Clodronate (also known as clodronic acid) is a drug used to treat a high level of calcium in the blood caused by changes in the body that happen with cancer. Clodronate is approved in some countries and is sold under trade trade name bonefos for oral use. Bonefos is indicated in the management of osteolytic lesions, hypercalcemia and bone pain associated with skeletal metastases in patients with carcinoma of the breast or multiple myeloma. Bonefos is also indicated for the maintenance of clinically acceptable serum calcium levels in patients with hypercalcemia of malignancy initially treated with an intravenous bisphosphonate. Bonefos forms complexes with divalent metal ions, and therefore simultaneous administration with food, antacids and mineral supplements may impair absorption.

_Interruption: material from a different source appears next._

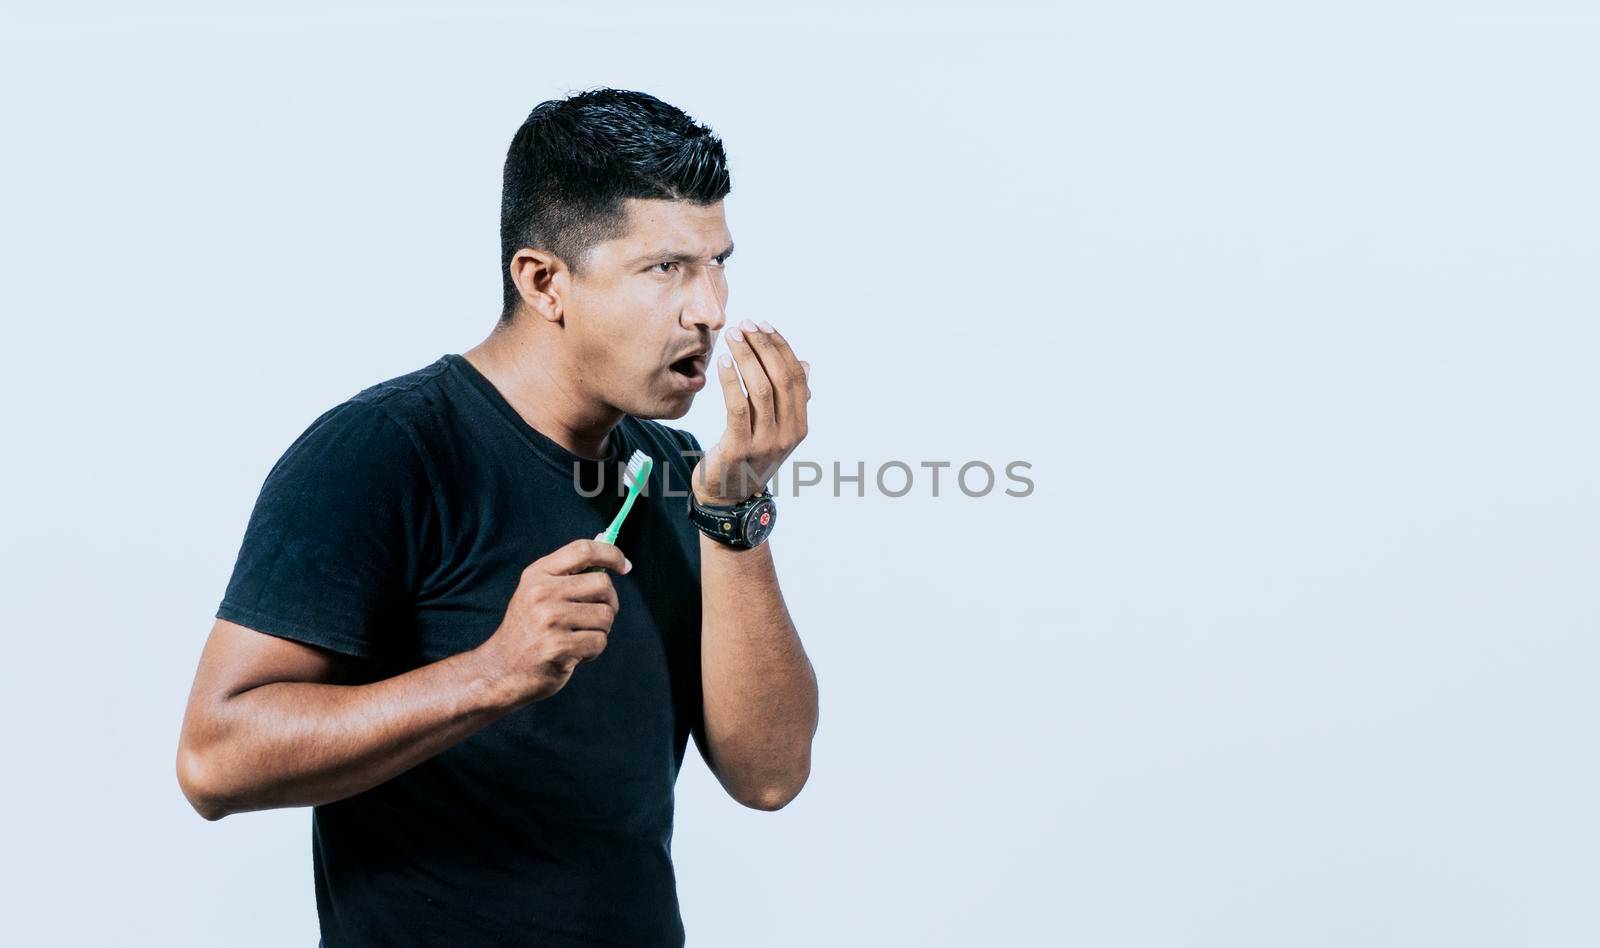 Person with brush with bad breath problem, Man with brush and bad breath, Concept of person with halitosis

It was suggested, that the mechanism of action of clodronate was involved osteoclast apoptosis.

Alfacalcidol (1-hydroxyvitamin D3) is a synthetic analog of vitamin D introduced clinically in the early 1970s. A prodrug for calcitriol (1,25-dihydroxyvitamin D3), it is one of the most potent and rapidly acting compounds currently used in the prevention and treatment of vitamin D deficiency states and hypocalcemia. The clinical benefit of alfacalcidol is related to the stimulation of calcium and phosphorus absorption, reversal of myopathy, promotion of mineralization in bone and the ability to reabsorb fully mineralized bone. Similar marketed vitamin D compounds include calcitriol and ergocalciferol. Alfacalcidol is indicated in conditions where there is a disturbance of calcium metabolism due to impaired 1-α hydroxylation such as when there is reduced renal function.

Ipriflavone (chemical structure: 7-isopropoxyisoflavone), derived from the soy isoflavone, daidzein, holds great promise for osteoporosis prevention and treatment. Ipriflavone (IP) was discovered in the 1930s but has only recently begun to be embraced by the medical community in this country. Over 150 studies on safety and effectiveness, both animal and human, have been conducted in Italy, Hungary, and Japan. As of 1997, 2,769 patients had been treated a total of 3,132 patient years. Preliminary studies have pointed to its effectiveness in the treatment of other conditions involving bone pathology, including Paget’s disease, hyperparathyroidism, renal osteodystrophy, and tinnitus due to otosclerosis. Ipriflavone appears to have several mechanisms of action, all of which enhance bone density, making them seemingly superior to many of the other treatments available for osteoporosis prevention and treatment. IP also inhibits osteoclastic activity (motility and resorptive activity) by modulating intracellular free calcium. IP’s bone-forming mechanisms include stimulation of cell proliferation and maturation of osteoblasts by inhibiting calcium influx into osteoblasts and phosphoinositide hydrolysis. Despite similarities to estrogen, IP possesses no intrinsic estrogenic activity, but does potentiate estrogen. Importantly, IP does not change bone mineral composition or crystalline structure. A clinical trial reported in 2001 that it was not effective in prevention or treatment of osteoporosis.